The net is not only "the world's biggest photocopier", it is also a device for appropriating someone else's property of the mind. A few keystrokes and - hey presto - someone else's paper, essay, diagram, illustration or web page becomes your own. This page looks at plagiarism. It considers issues before highlighting the plagiarism industry - users, 'term paper mills' and plagiarism detection services.

It covers -

There are supplementary notes on essay/term paper mills and on ghosting, along with a note highlighting selected plagiarism incidents over the past three hundred years.

subsection heading icon     introduction 

Plagiarism - claiming another's text or other creativity as your own - is the obverse of forgery (presenting your work as that of someone else).
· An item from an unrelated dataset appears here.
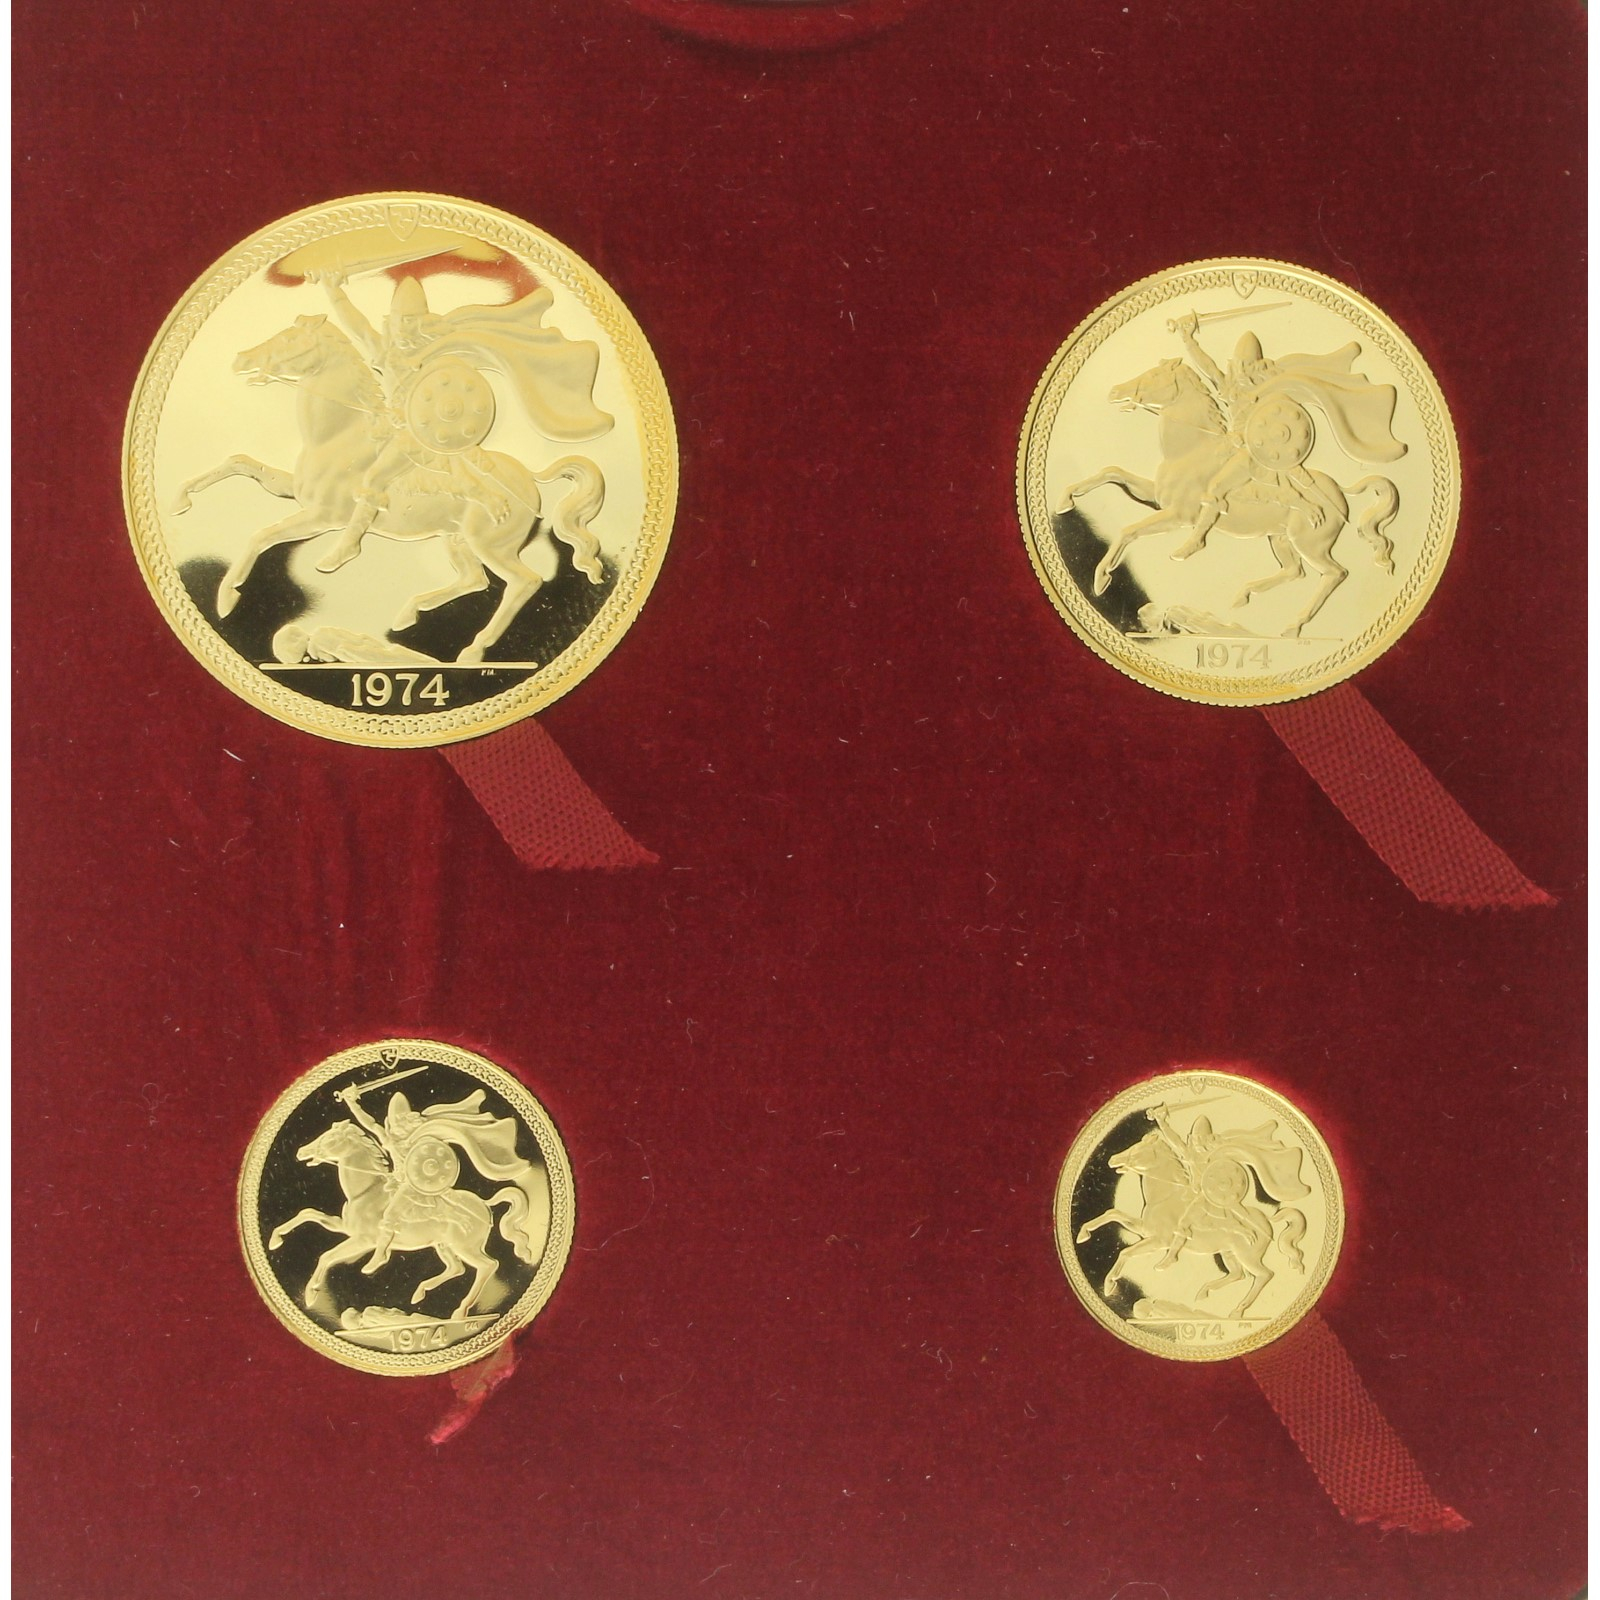 Isle of Man - 1974 - Gold Proof Set - 4 coins - Elizabeth II

The scope for appropriation of online images and text is for many an inducement to plagiarism.

It is one reason why the 'attribution' provisions of the 2000 Moral Rights amendments to the Australian Copyright Act are of particular significance. 

It is also a business opportunity for entrepreneurs offering to sell an 'original' essay for next high school assignment or provide plagiarism detection services to educational institutions and publishers.
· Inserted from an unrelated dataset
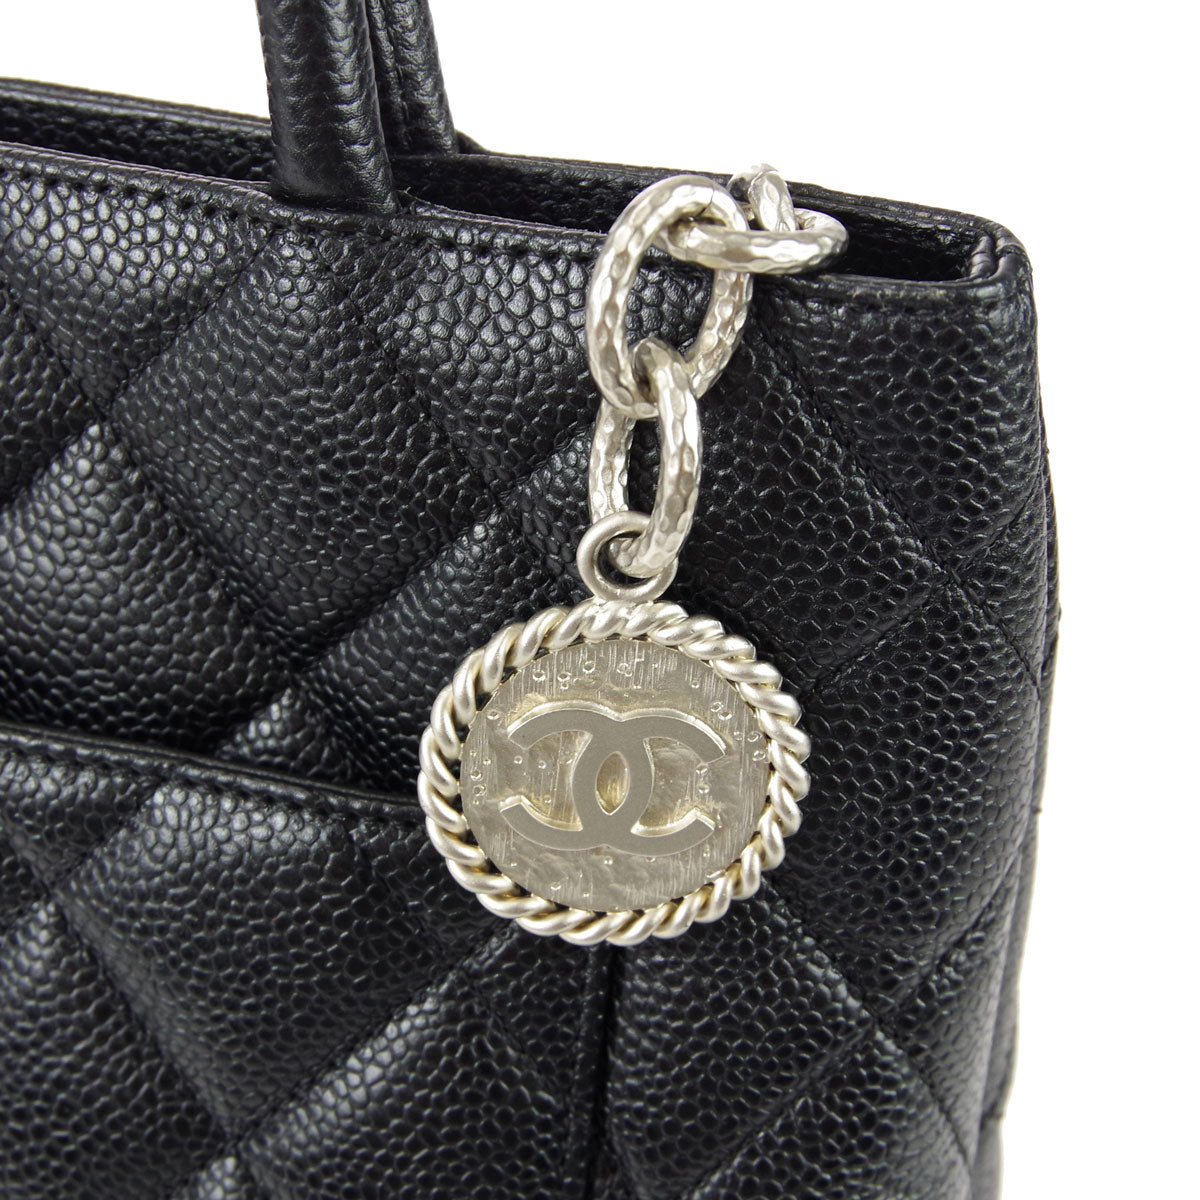 Chanel Medallion Quilted Tote Handbag Black Caviar

US satirist Tom Lehrer, in disclosing a secret of academic advancement, argued that plagiarism was as old as the hills: 

In one word he told me secret of success
Plagiarize!
Plagiarize, 
Let no one else's work evade your eyes
Remember why the good Lord made your eyes
So don't shade your eyes
But plagiarize, plagiarize, plagiarize - 
Only be sure always to call it, please, 'research'

Figures who have been accused of plagiarism include Stephen Ambrose,Doris Kearns Godwin, John Casti, Joe McGinnis, Alan Dershowitz, Lawrence Tribe, Philip Foner, Gail Sheehy and HG Wells. A supplementary page on this site highlights other allegations.

Helen Keller supposedly suffered from cryptomnesia in plagiarising Margaret Canby's The Frost Fairies to produce The Frost King. It has been alleged that Beatle George Harrison plagiarised the Chiffon's He's So Fine in his My Sweet Lord. US academic Kim Lanegran generously provided a copy of her doctoral dissertation on disk, only to find that the recipient had blithely used that text to get a doctorate of his own. eSecurity guru Bruce Schneier and co-authors discovered that two papers had been lifted by an academic and students at an Islamabad university. Ana Rosa Quintana's Sabor a Hiel supposedly featured chunks of Ángeles Mastretta, Danielle Steel and Colleen McCullough. Critics such as Marilyn Piety and Peter Tudvad have claimed that Joakim Garff's 2000 biography of Søren Kierkegaard was similarly endowed by other writers.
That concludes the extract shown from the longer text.